GOAL OF THE EXERCISE —
After locating the line with "CHILI: Guide 1955. Guia del veraneante 1955." in the entries below, output it and each following line up to and including the line with "Sgt. J.L. McGarrigle", exactly and without pictures.

RECORD EXTRACTS Block Start

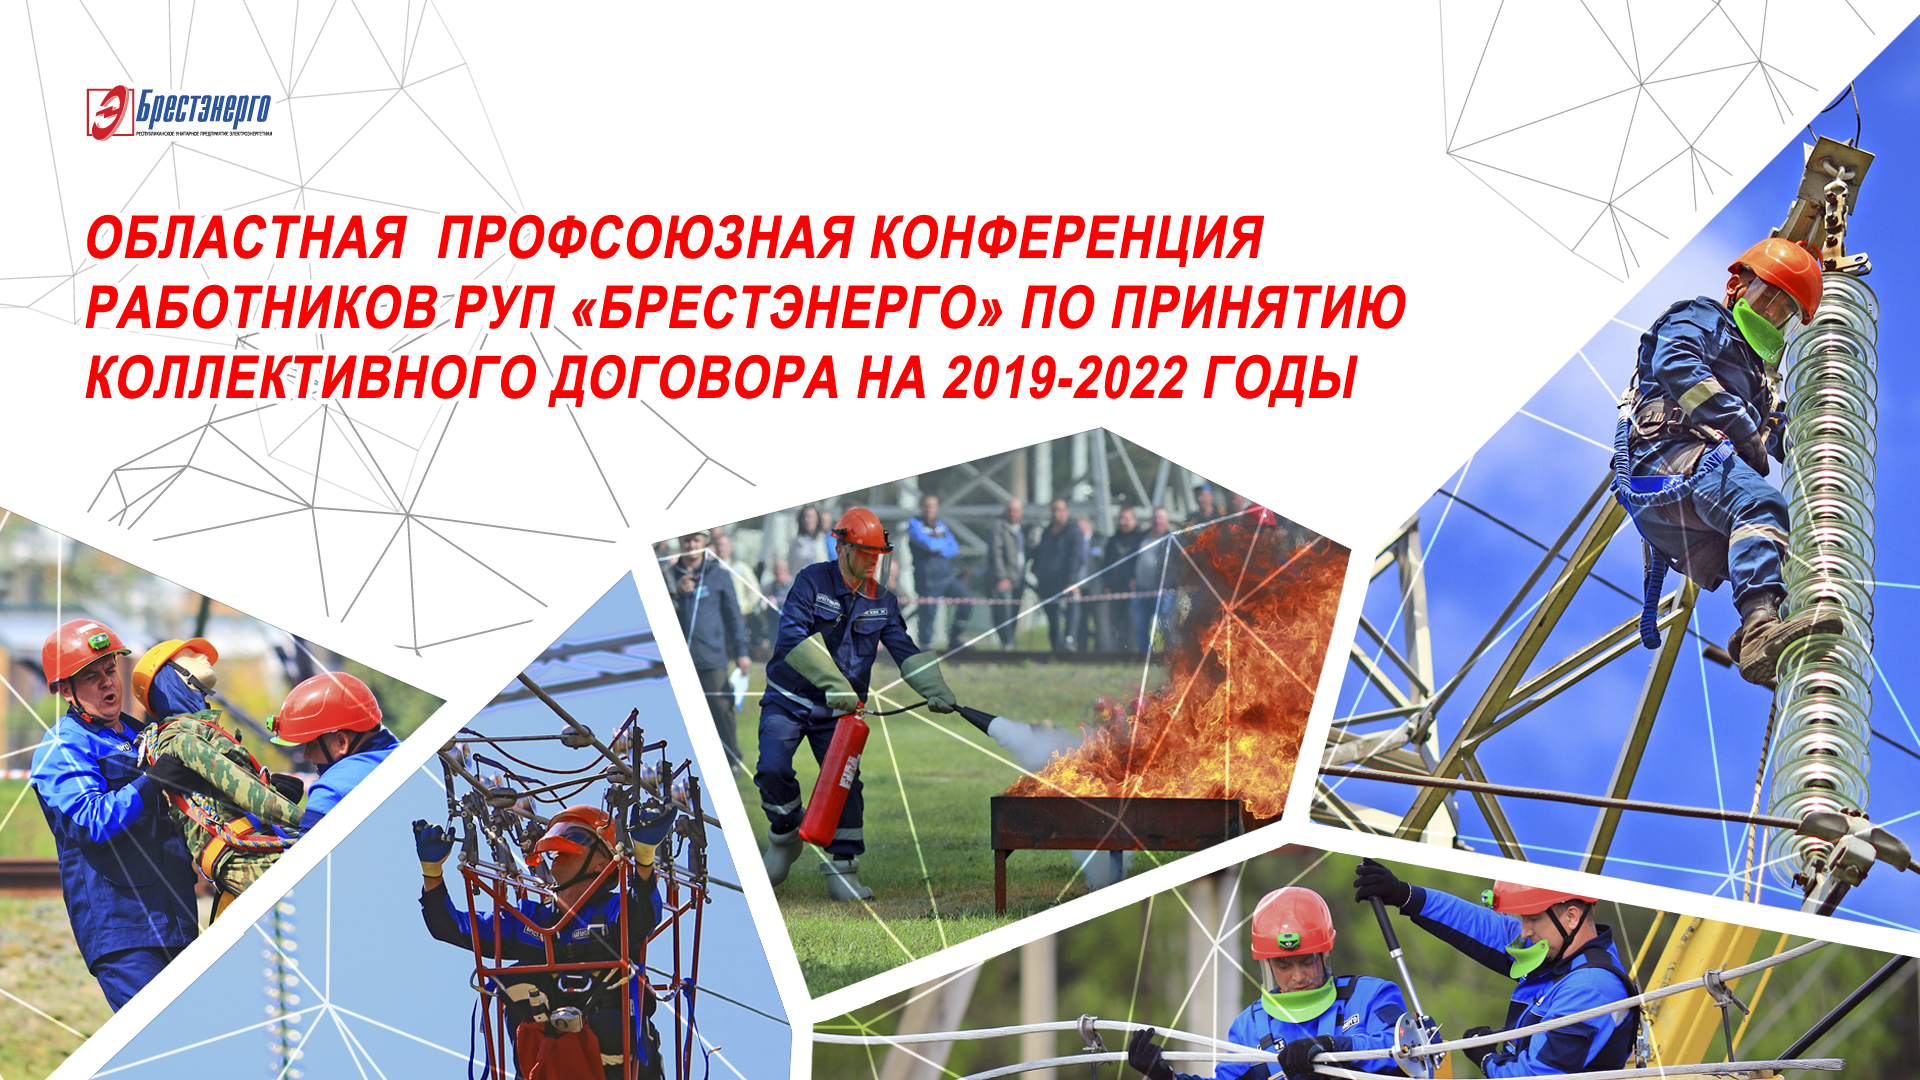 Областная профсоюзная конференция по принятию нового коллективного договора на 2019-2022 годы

RECORD EXTRACTS Block End
RECORD EXTRACTS Block Start

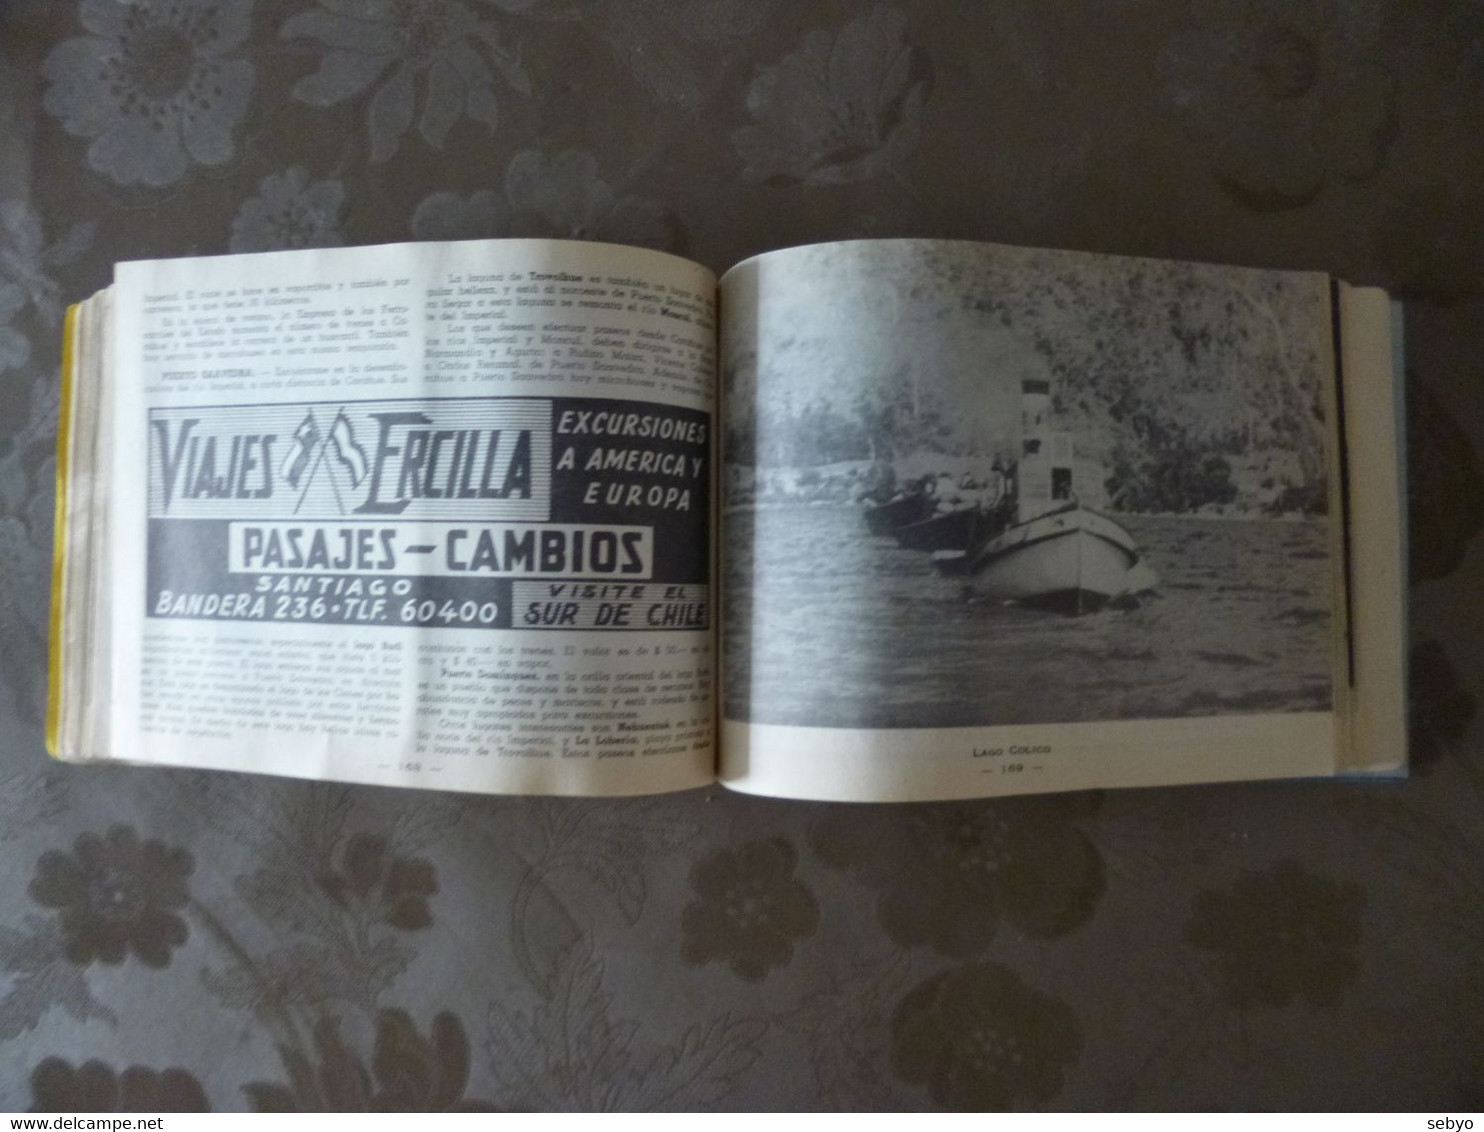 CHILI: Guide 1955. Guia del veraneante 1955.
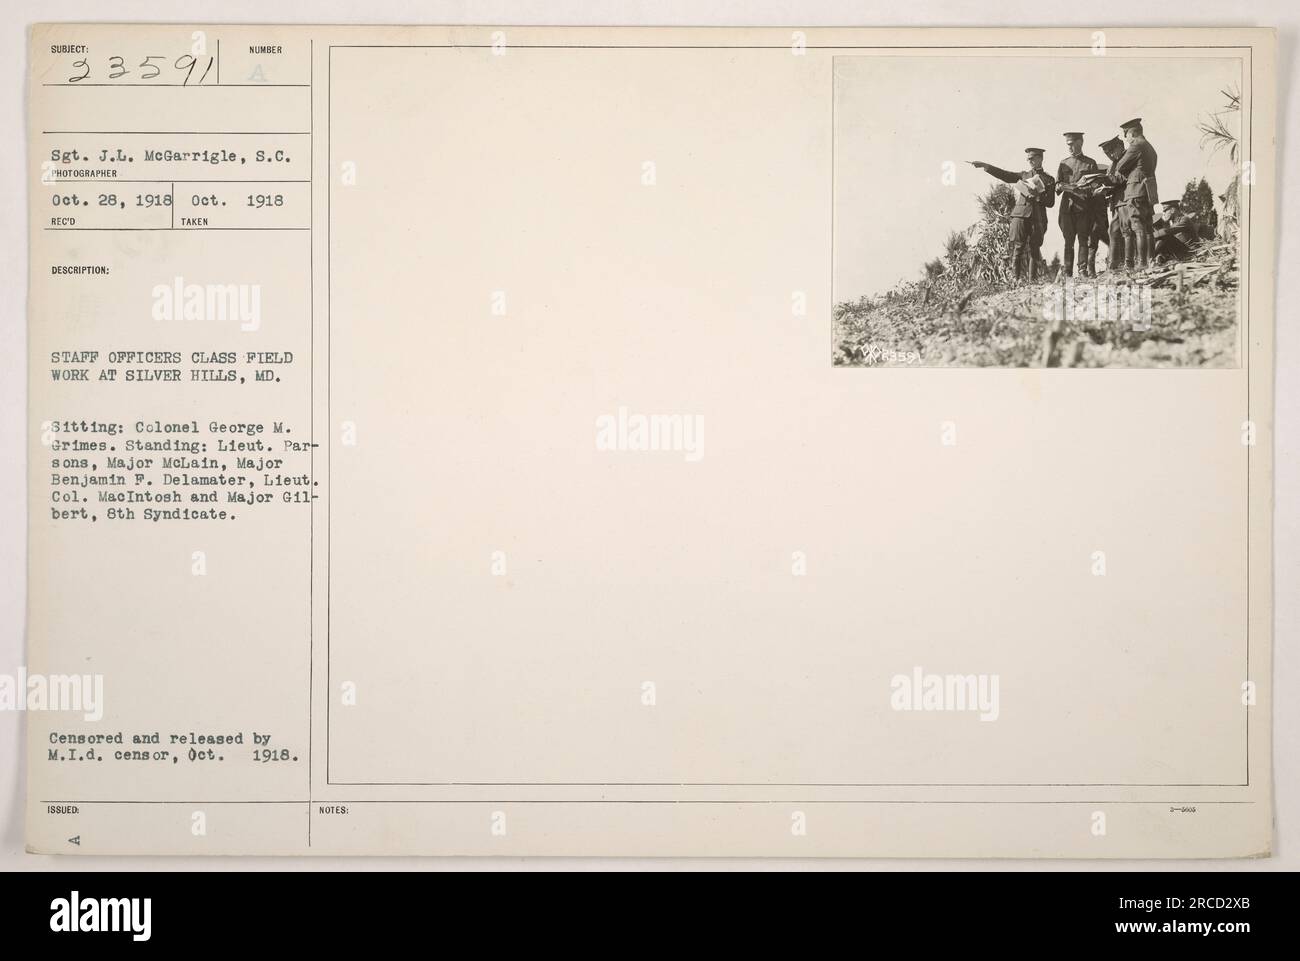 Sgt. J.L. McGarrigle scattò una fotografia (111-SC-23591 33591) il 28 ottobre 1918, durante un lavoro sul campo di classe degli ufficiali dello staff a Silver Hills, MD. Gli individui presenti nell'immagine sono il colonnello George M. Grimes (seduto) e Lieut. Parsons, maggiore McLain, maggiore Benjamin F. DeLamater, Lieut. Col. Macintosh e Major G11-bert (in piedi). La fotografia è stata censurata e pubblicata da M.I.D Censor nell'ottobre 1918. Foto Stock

RECORD EXTRACTS Block End

THE ANSWER —
 CHILI: Guide 1955. Guia del veraneante 1955.
 Sgt. J.L. McGarrigle scattò una fotografia (111-SC-23591 33591) il 28 ottobre 1918, durante un lavoro sul campo di classe degli ufficiali dello staff a Silver Hills, MD. Gli individui presenti nell'immagine sono il colonnello George M. Grimes (seduto) e Lieut. Parsons, maggiore McLain, maggiore Benjamin F. DeLamater, Lieut. Col. Macintosh e Major G11-bert (in piedi). La fotografia è stata censurata e pubblicata da M.I.D Censor nell'ottobre 1918. Foto Stock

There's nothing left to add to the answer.